In 1994, political scientist R.J. Rummel summarized the consequences of tyrannical government in the 20th century in his book Death by Government. (See the review in Freedom Daily, October 1994.) His research showed that governments around the world had killed almost 200 million unarmed men, women, and children during the last nine decades. When combat-related deaths in various wars, civil wars, and rebellions are added to this number, the total number of people killed by governments in the 20th century may be in the neighborhood of 370 million people.

If government has been and is the greatest mass murderer of human life, how can this beast be restrained? Besides his many detailed studies on the killing fields of government, Dr. Rummel has also devoted much of his time to trying to understand the political and social conditions most likely to bring about peace, both in and between nations. His most recent book, Power Kills: Democracy as a Method of Nonviolence, summarizes his conclusions on the topic of peace, after four decades of scholarly work.

The first part of the book is a historical and statistical study to test a strongly stated hypothesis: democracies do not go to war against each other.
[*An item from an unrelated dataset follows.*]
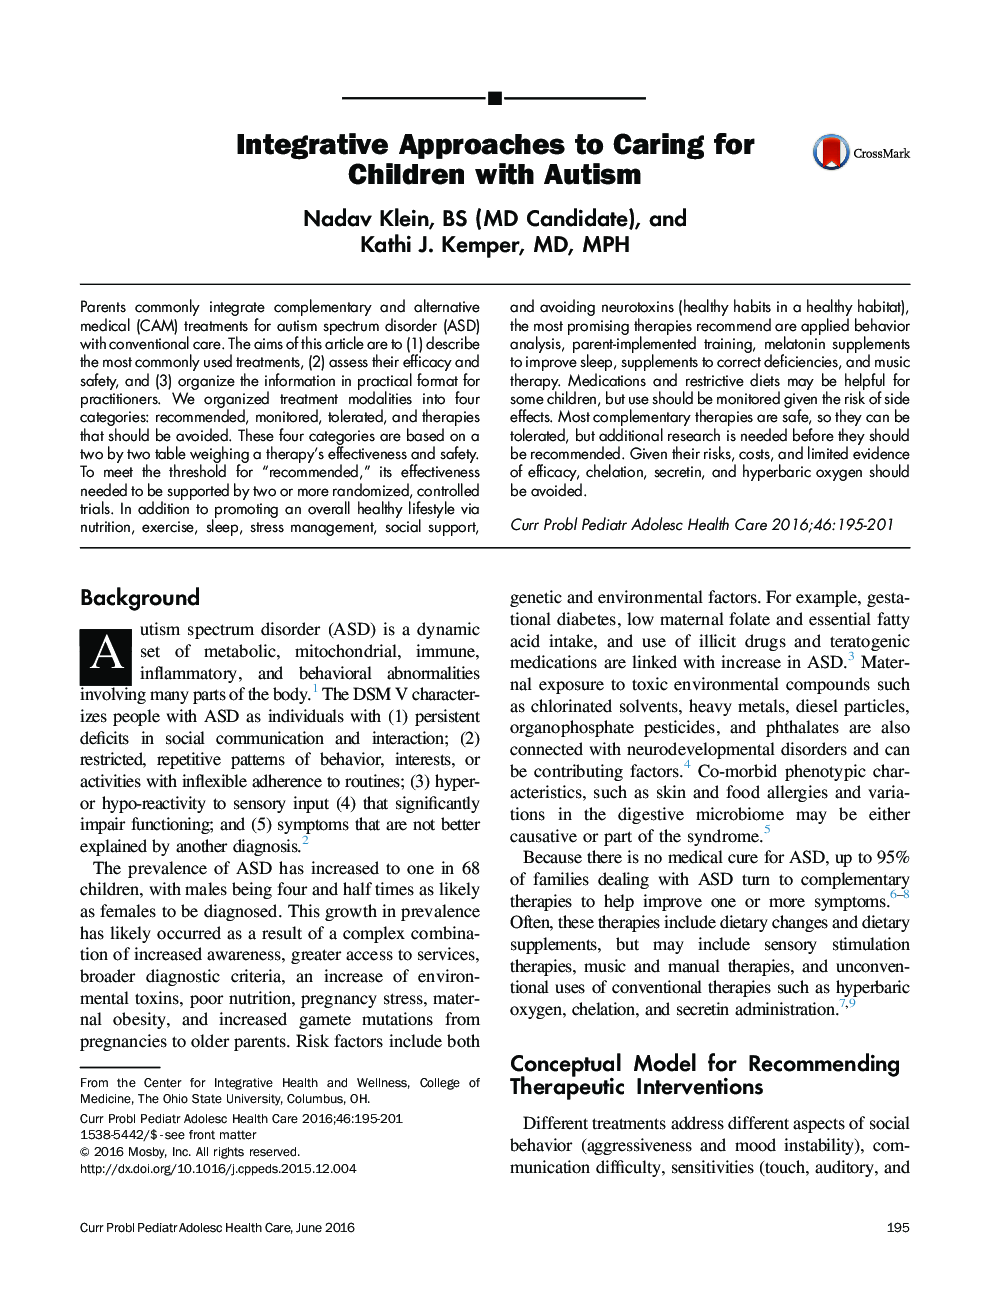 Integrative Approaches to Caring for Children with Autism

Yet, however extreme that hypothesis may sound, the historical documentation backs it up. For example, in 1964, Dean Babst published a study of the 116 wars between 1789 and 1941, involving 438 countries. In not one of these wars were democracies on opposite sides. And in 1972 and 1976, David Singer and Melvin Small published studies of all 50 interstate wars between 1816 and 1965 in which there were at least 1,000 battle-related deaths. In not one of these wars were democracies on opposite sides. Dr. Rummel shows that all similar studies demonstrate the same result.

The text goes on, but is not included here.